● EXERCISE GOAL
Please find the line that holds "Elevation Mountains Engraved Band" below and reproduce it, along with every line after it through the end, exactly and without pictures.

● SUPPLIED INFORMATION
----------
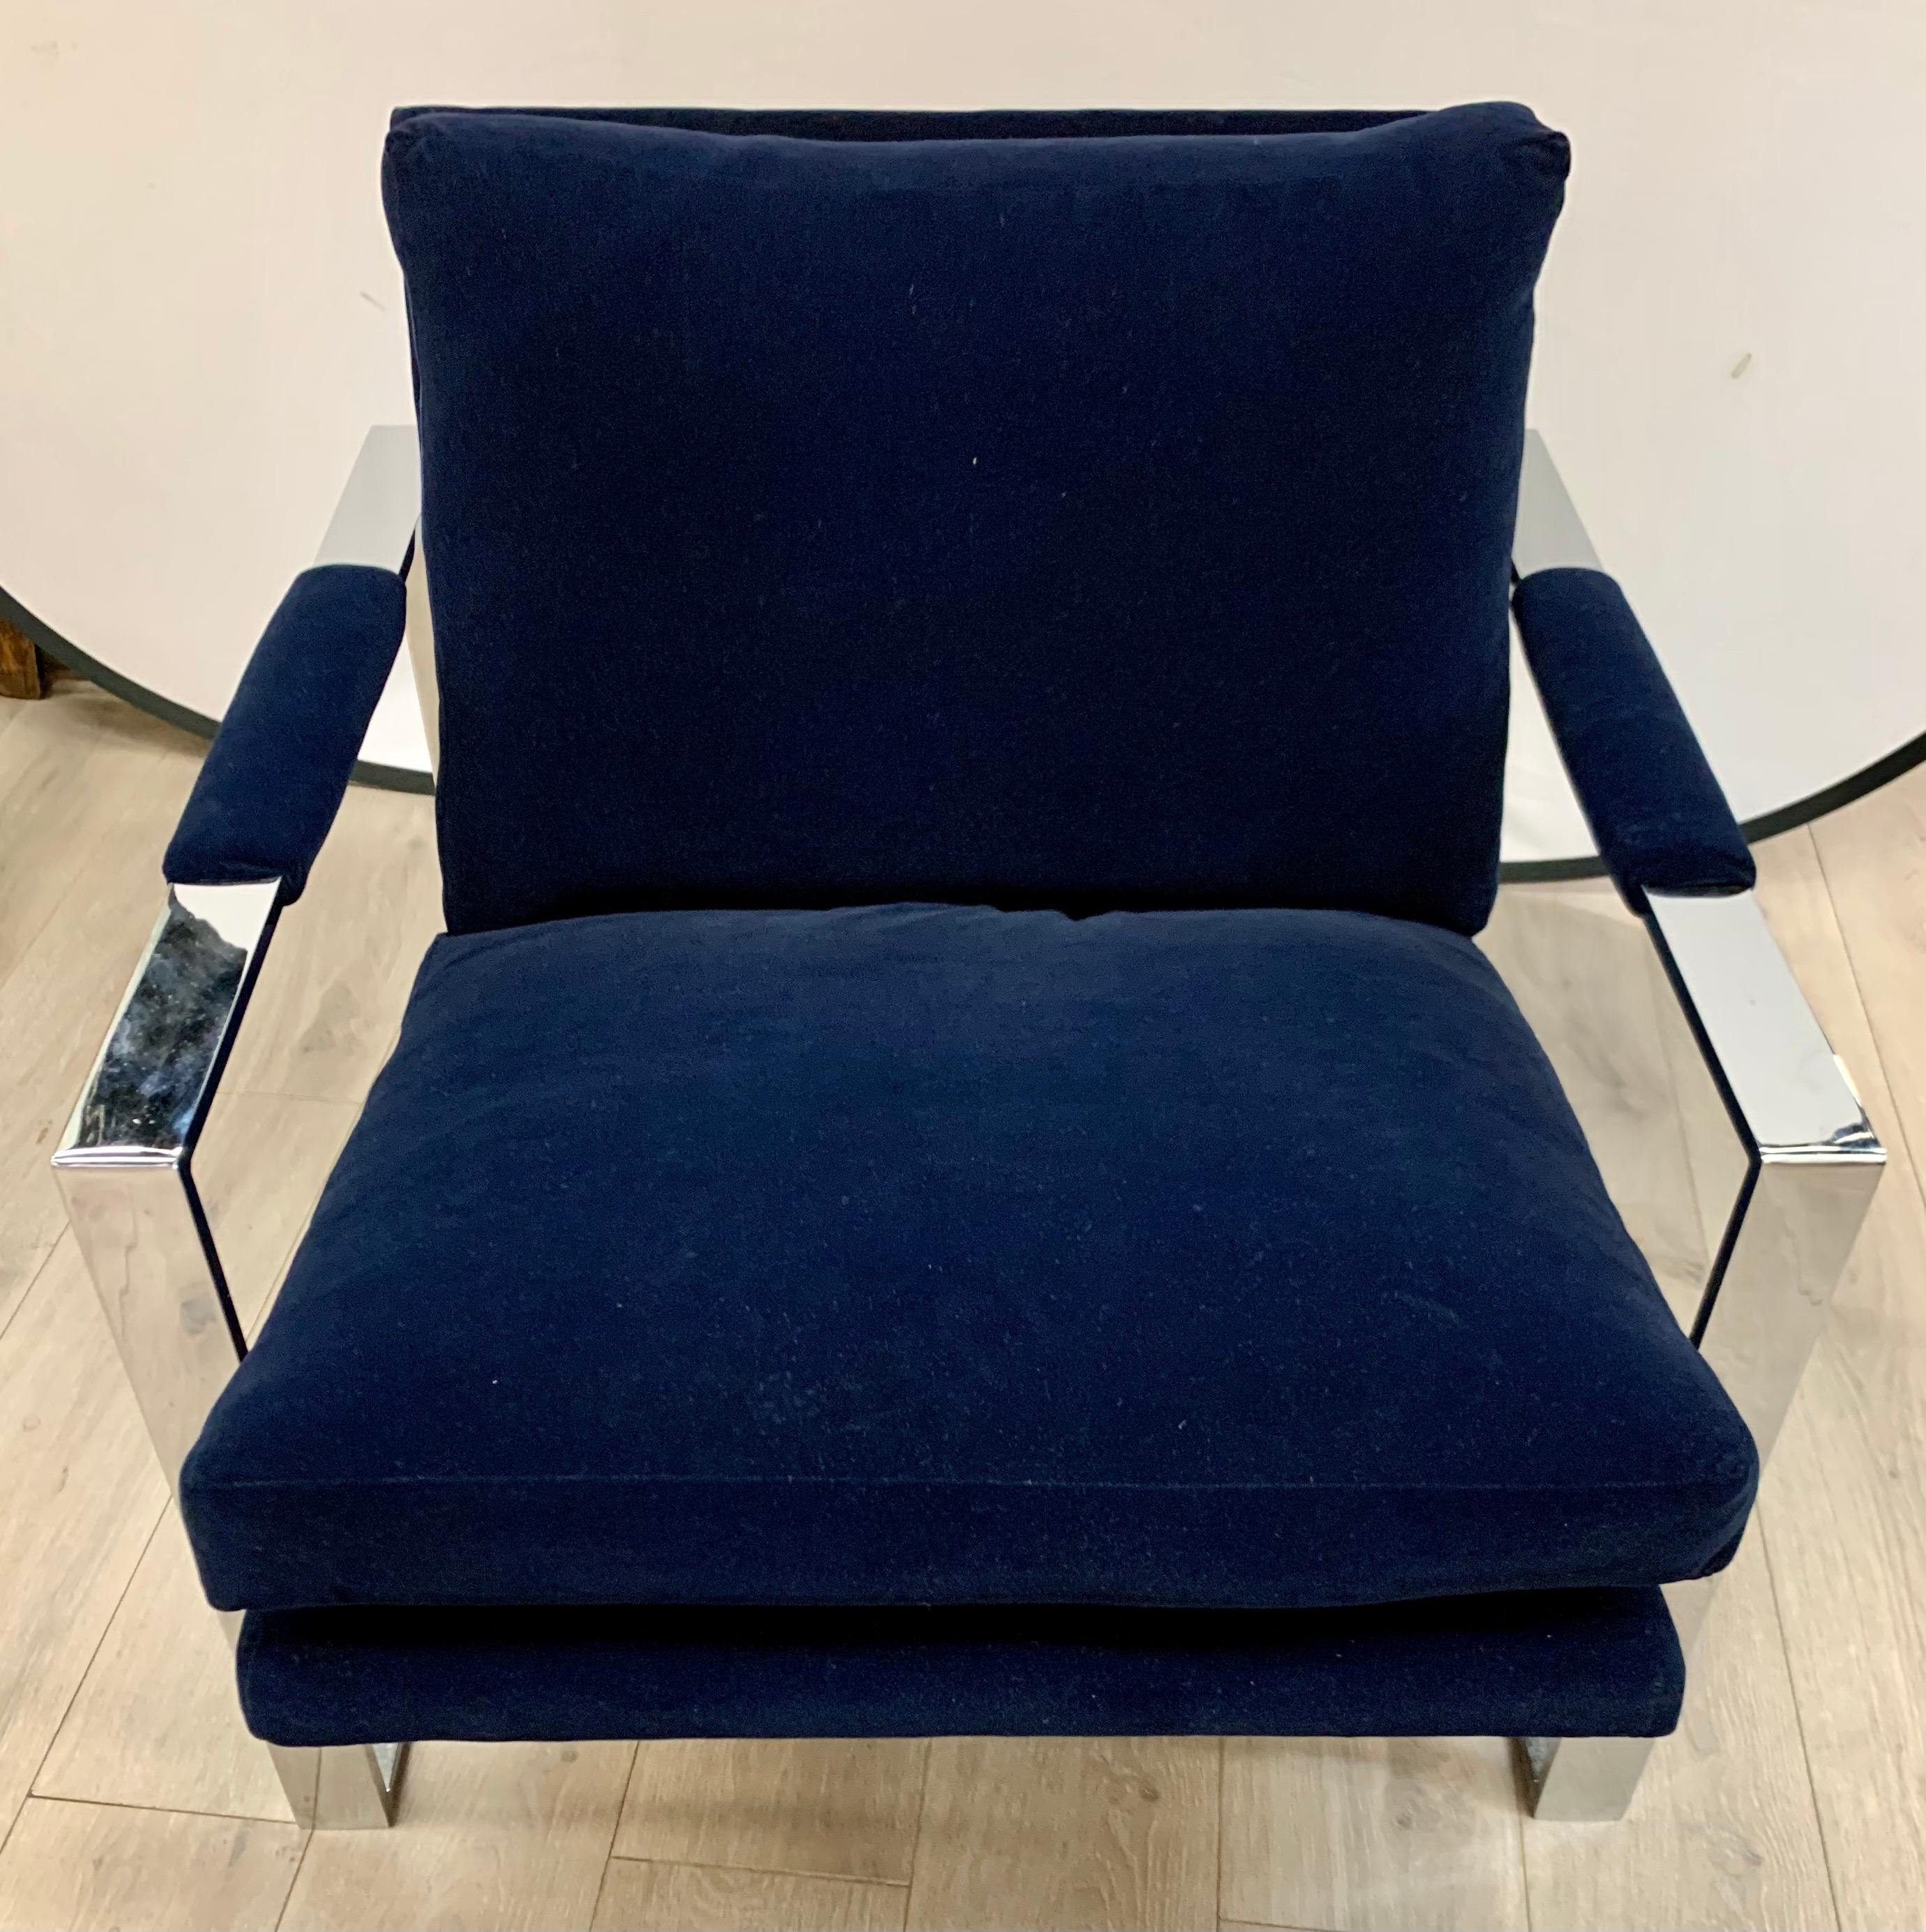 Newly upholstered in a luxurious solid navy blue velvet fabric and polished steel frame, this chair is sure to impress. The chair is heavy and has lines to die for. All dimensions are below. Now, more than ever, home is where the heart is.
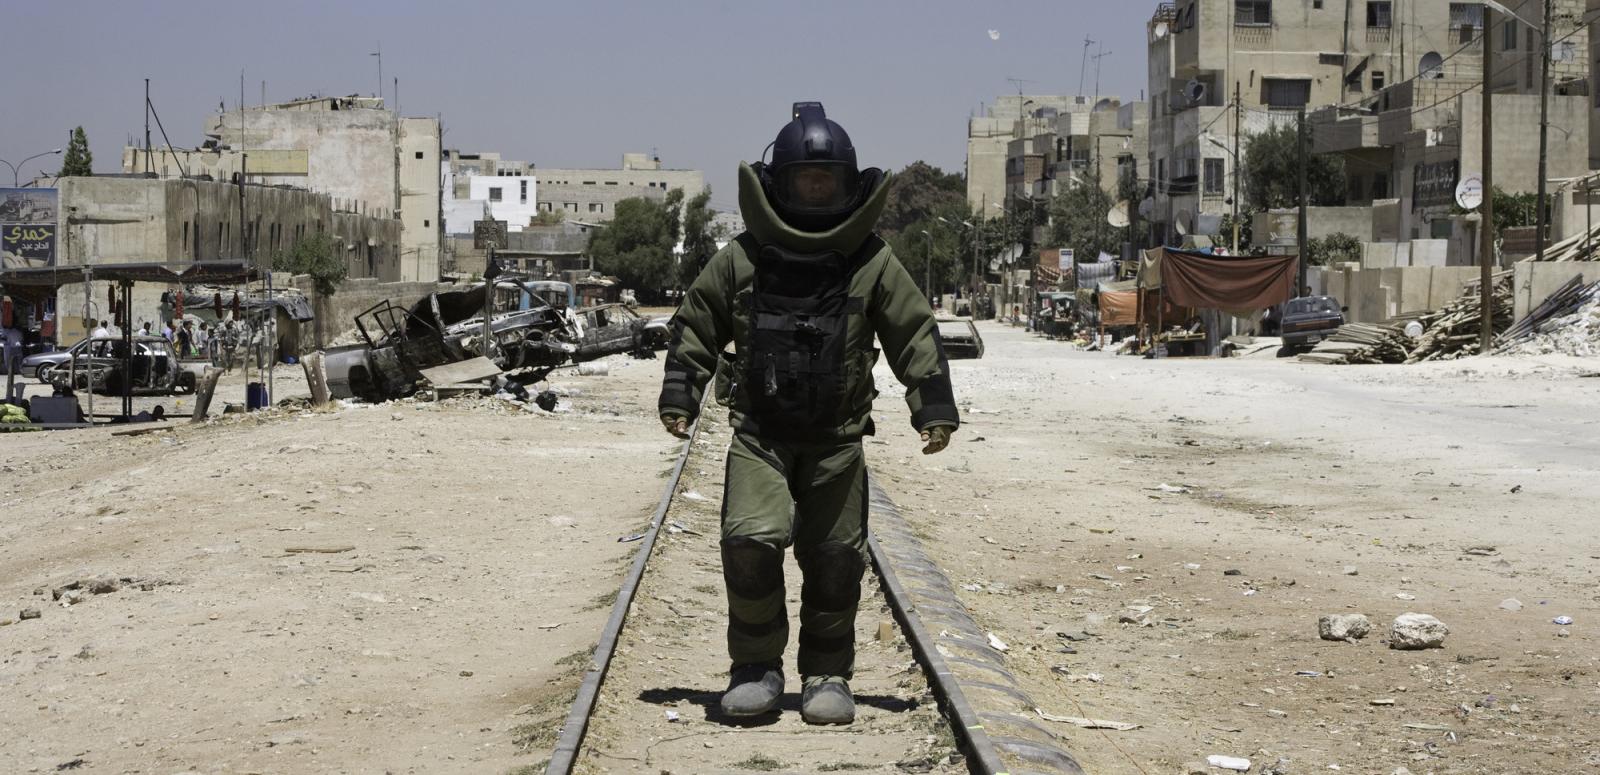 A lonely figure wearing bomb disposal protection walks toward the camera.
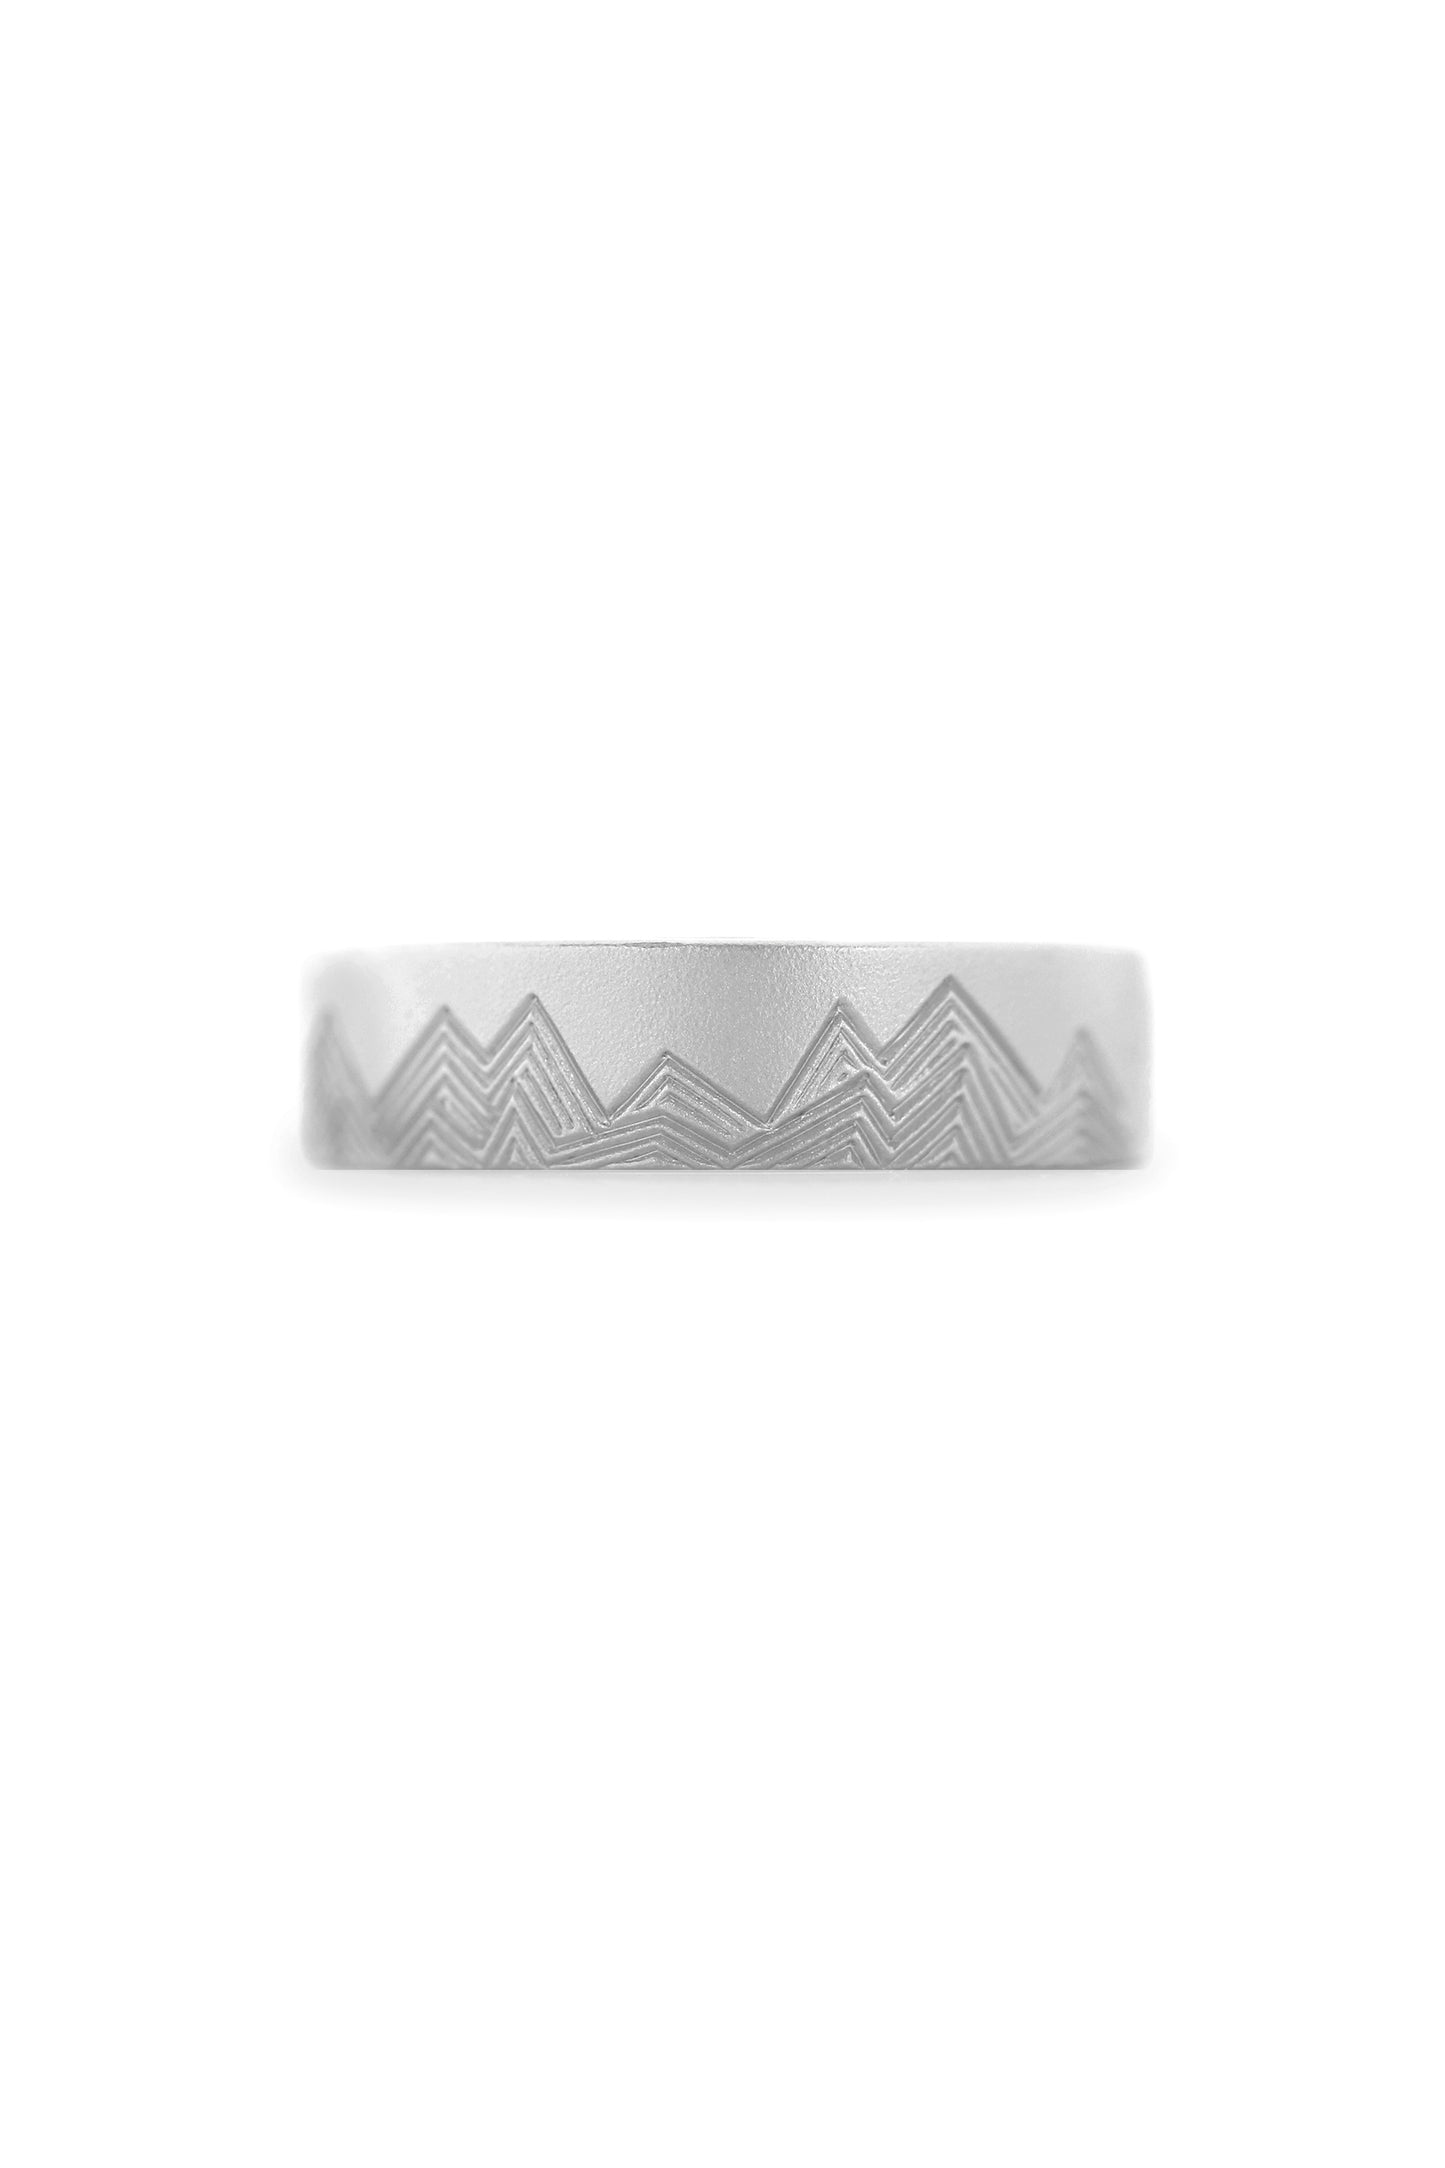 Elevation Mountains Engraved Band
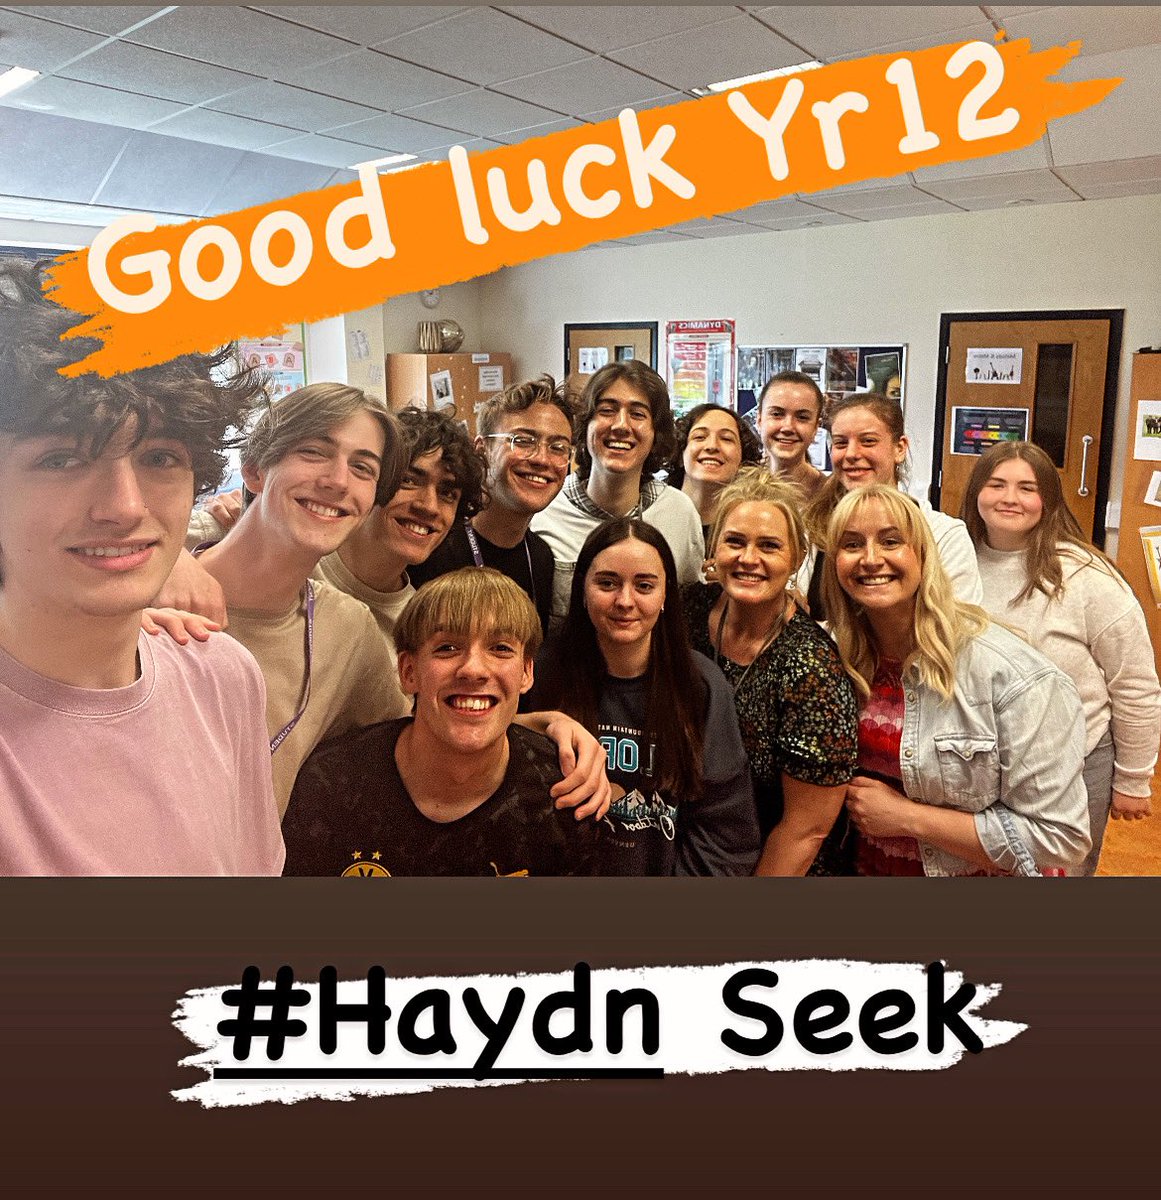 Best of luck to our @whs_cardiff Year 12 music students with their exams!
----------
● THE ANSWER
 Elevation Mountains Engraved Band
 Best of luck to our @whs_cardiff Year 12 music students with their exams!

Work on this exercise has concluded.